Would you return the listing that follows exactly, leaving its pictures behind?

- _SUPPLIED INFORMATION_
......

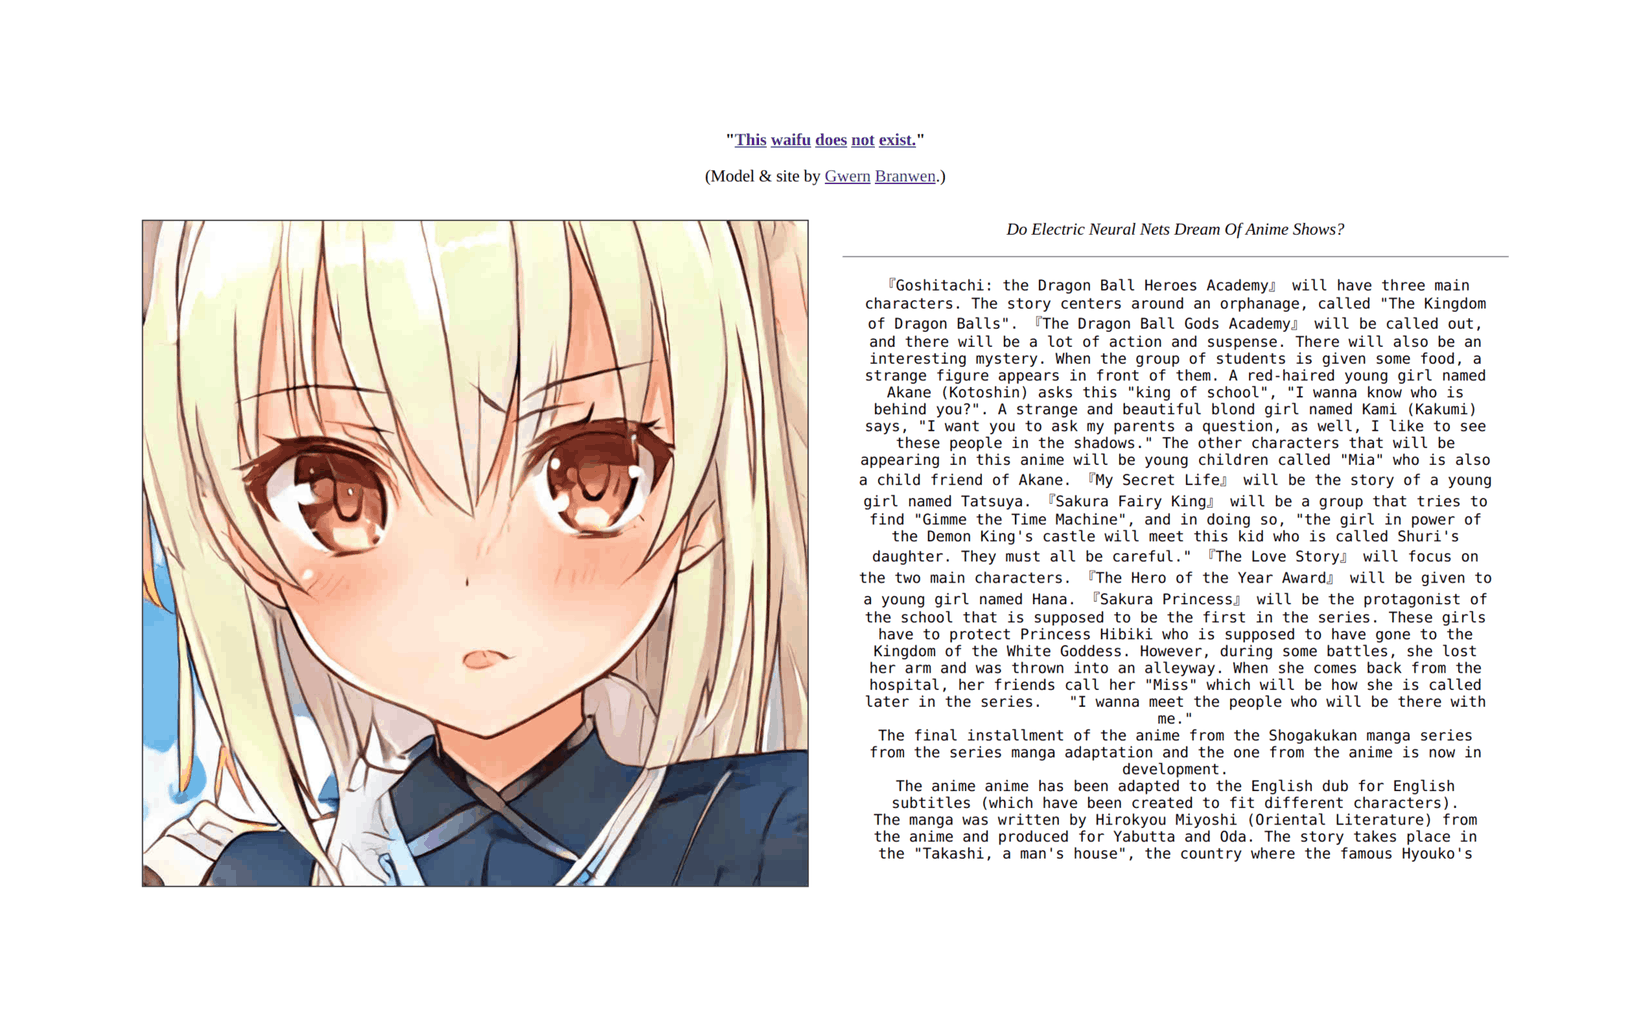 A screenshot of “This Waifu Does Not Exist” (TWDNE) showing a random StyleGAN-generated anime face and a random GPT-2-117M text sample conditioned on anime keywords/​phrases.
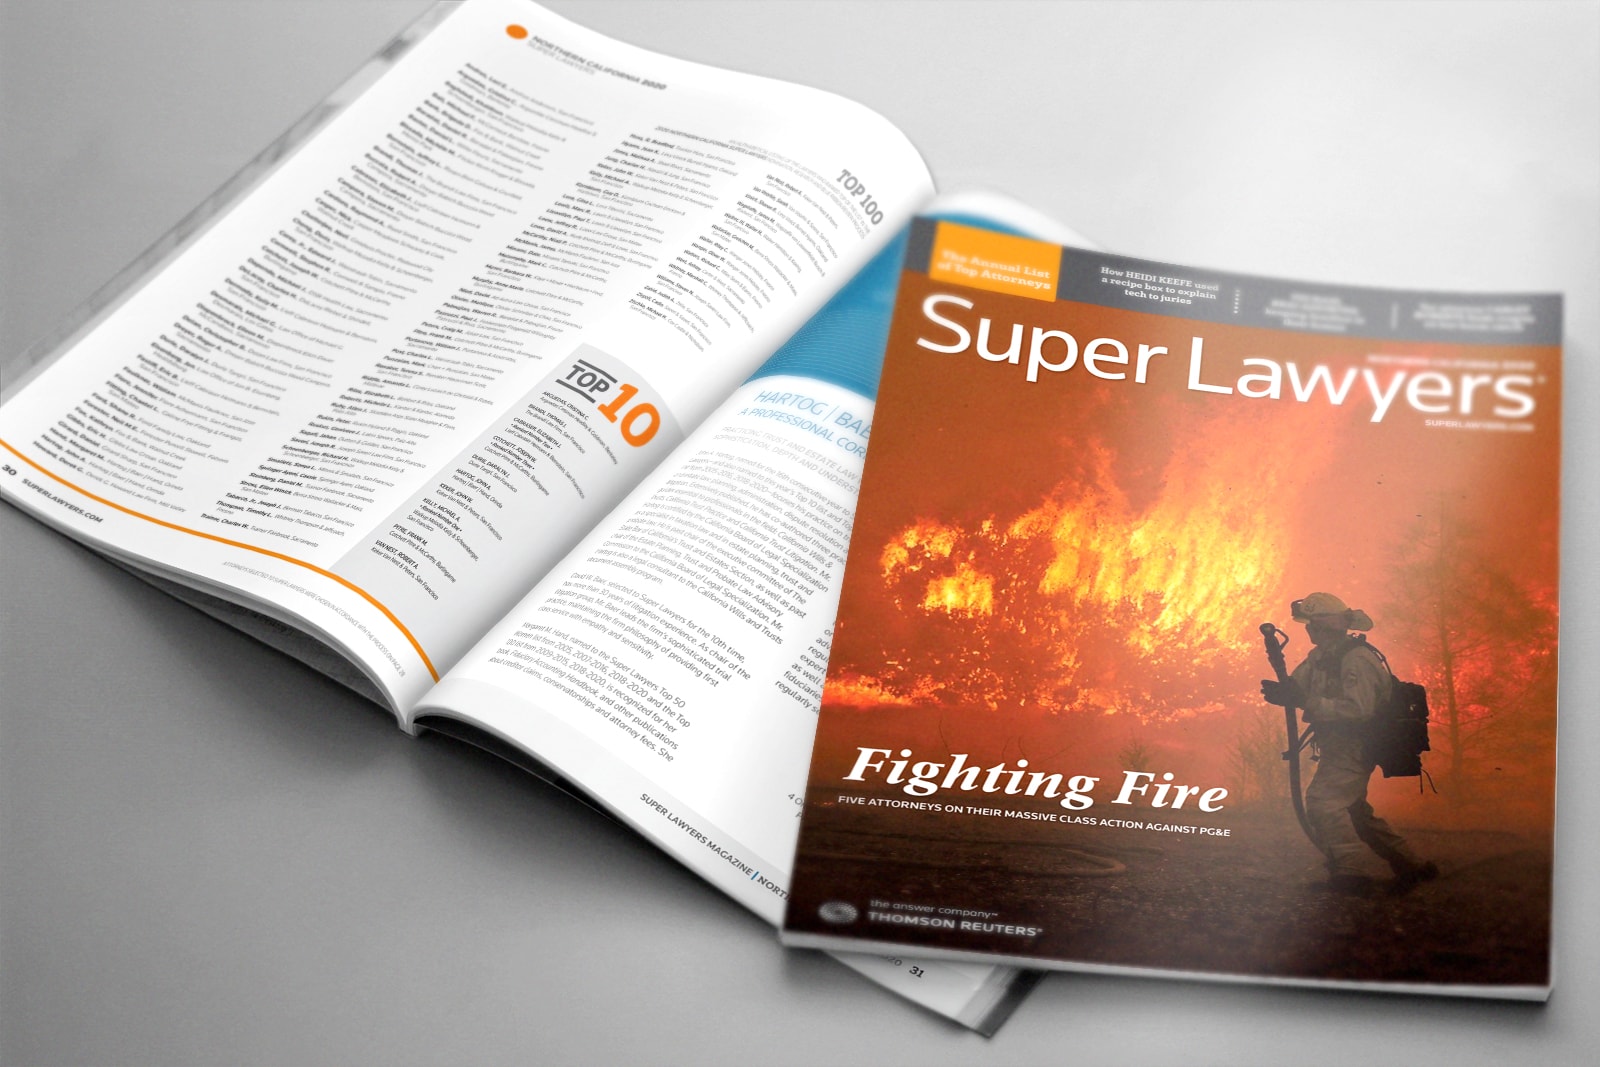 Copies of the 2020 SuperLawyers publication
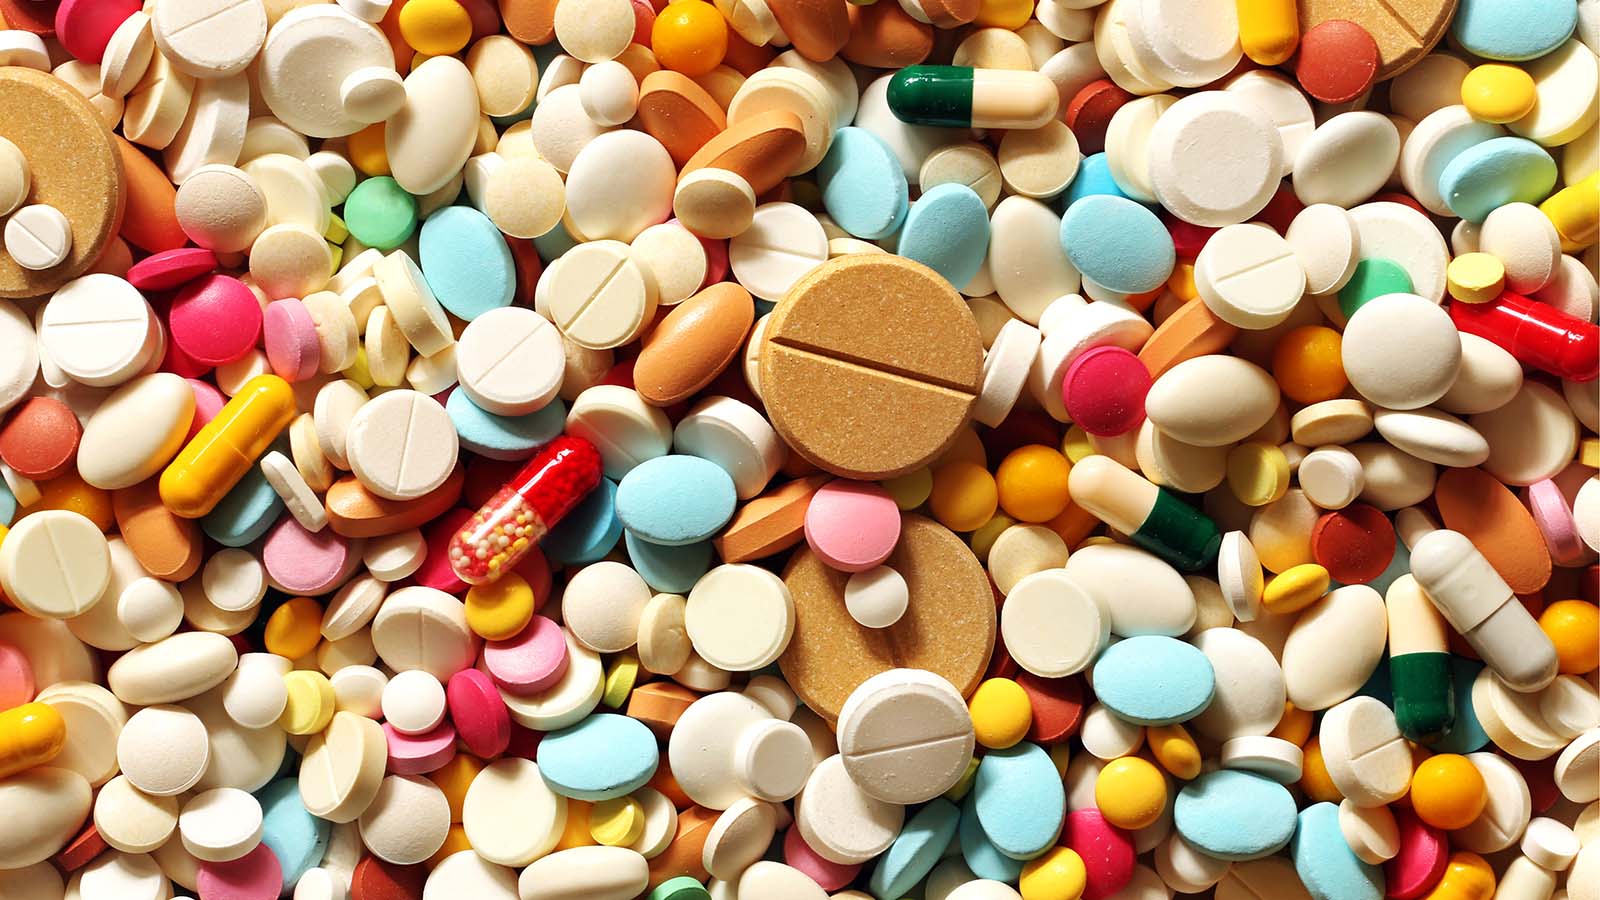 A pile of brightly colored pills in varying sizes and shapes representing PXMD stock.

......

- _SOLUTION FOR THIS TASK_
 A screenshot of “This Waifu Does Not Exist” (TWDNE) showing a random StyleGAN-generated anime face and a random GPT-2-117M text sample conditioned on anime keywords/​phrases.
 Copies of the 2020 SuperLawyers publication
 A pile of brightly colored pills in varying sizes and shapes representing PXMD stock.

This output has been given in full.